To acquire wisdom, one must observe

One last time: Koslofsky’s Corner

Well, that got here quick! Dear reader, you’re holding in your hands the last print issue of The Hoot for the 2019-2020 school year, which just so happens to contain the very last “Koslofsky’s Corner.” Yes, this self-indulgent exercise must come to an end, as COVID-19 shutters the doors of this university a month and a half before graduation. It’s an eerie time in the world: our New England winter has been extraordinarily pleasant and mild, leaving us with the best weather anyone could ask for during a global pandemic.

I’ll be leaving soon, too. I can’t pretend to have processed the fact that in just a few days, I’ll be getting in my car (my beloved, beat-up stick-shift minivan) and driving 16 hours back to my native middle-west. I’m not sure when I’ll see Brandeis again.

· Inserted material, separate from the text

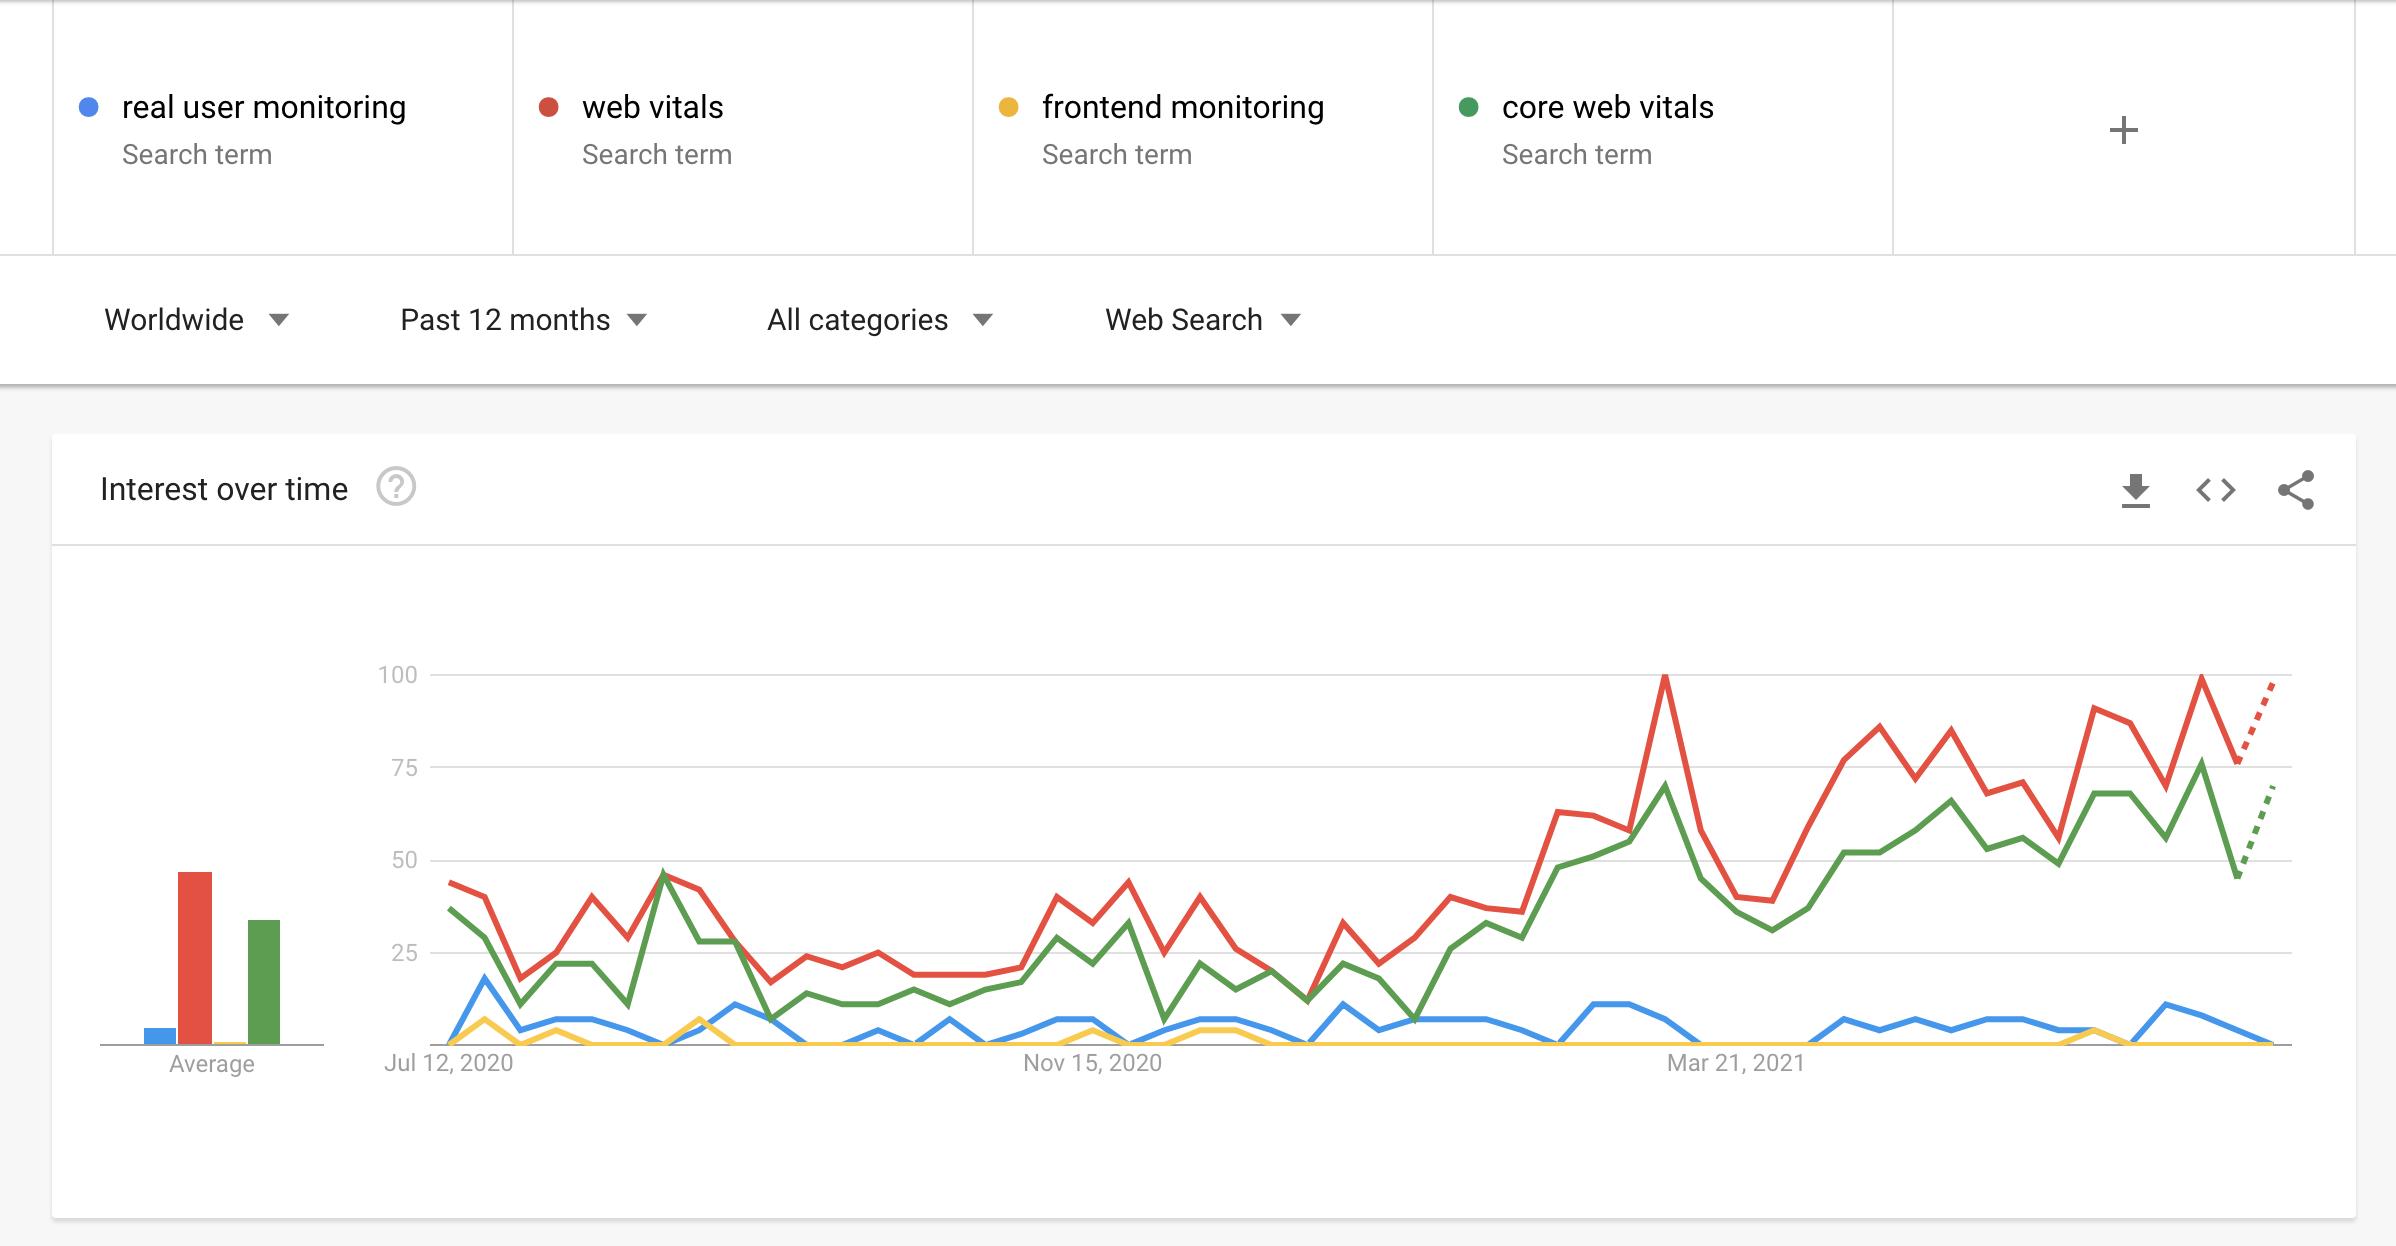 Google Trends results for Juli 2021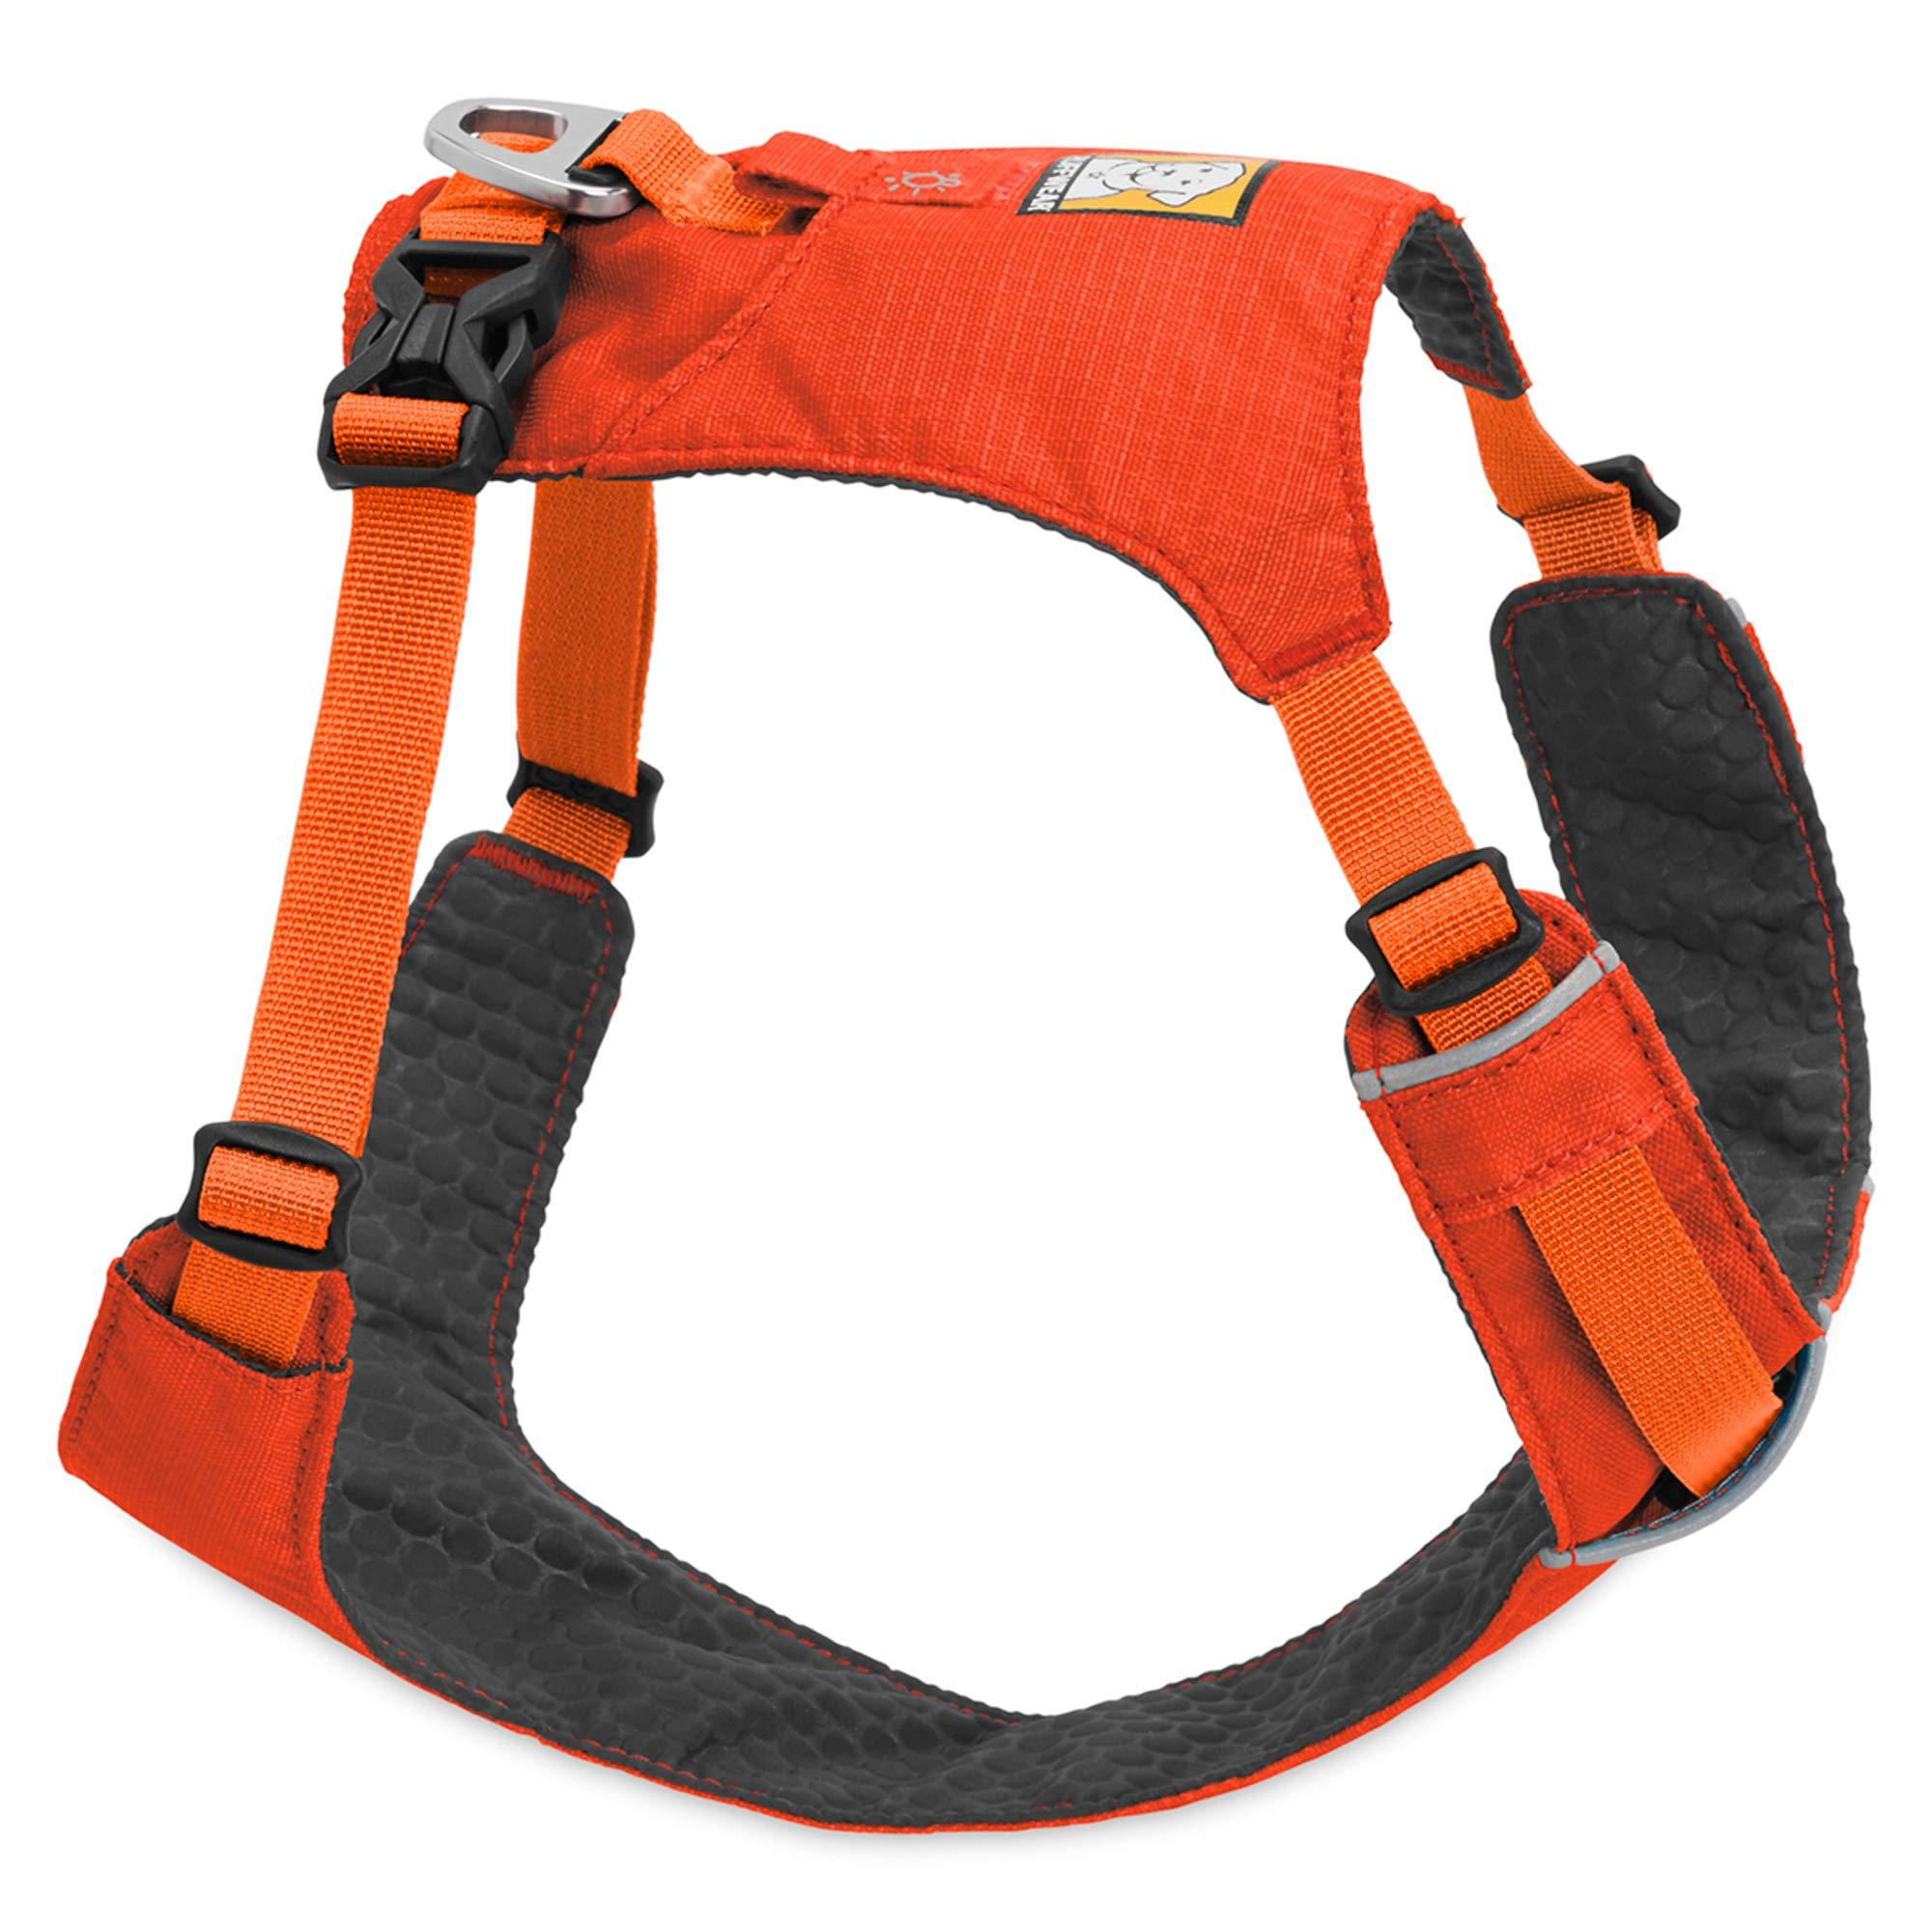 RUFFWEAR Lightweight Dog Harness, Medium Breeds, Adjustable Fit, Size: Medium, Sockeye Red, Hi & Light Harness, 3082-601M

Over the past few days, it’s begun to feel like nothing matters. Why go to class when class is about to be cancelled? Why go to online class when instruction over Zoom feels so useless? With the state of the world so clearly out of all our hands, what does an event like commencement matter?

Stories are comforting because they have an end, a satisfying closure. Over the course of this year, I’ve tried to use this column to highlight stories that are significant to me, to express why certain works of self-expression matter. But even if you’re convinced to watch “The Way Back” by my review this week, how the hell are you going to see it when going to a theater presents some very real health concerns?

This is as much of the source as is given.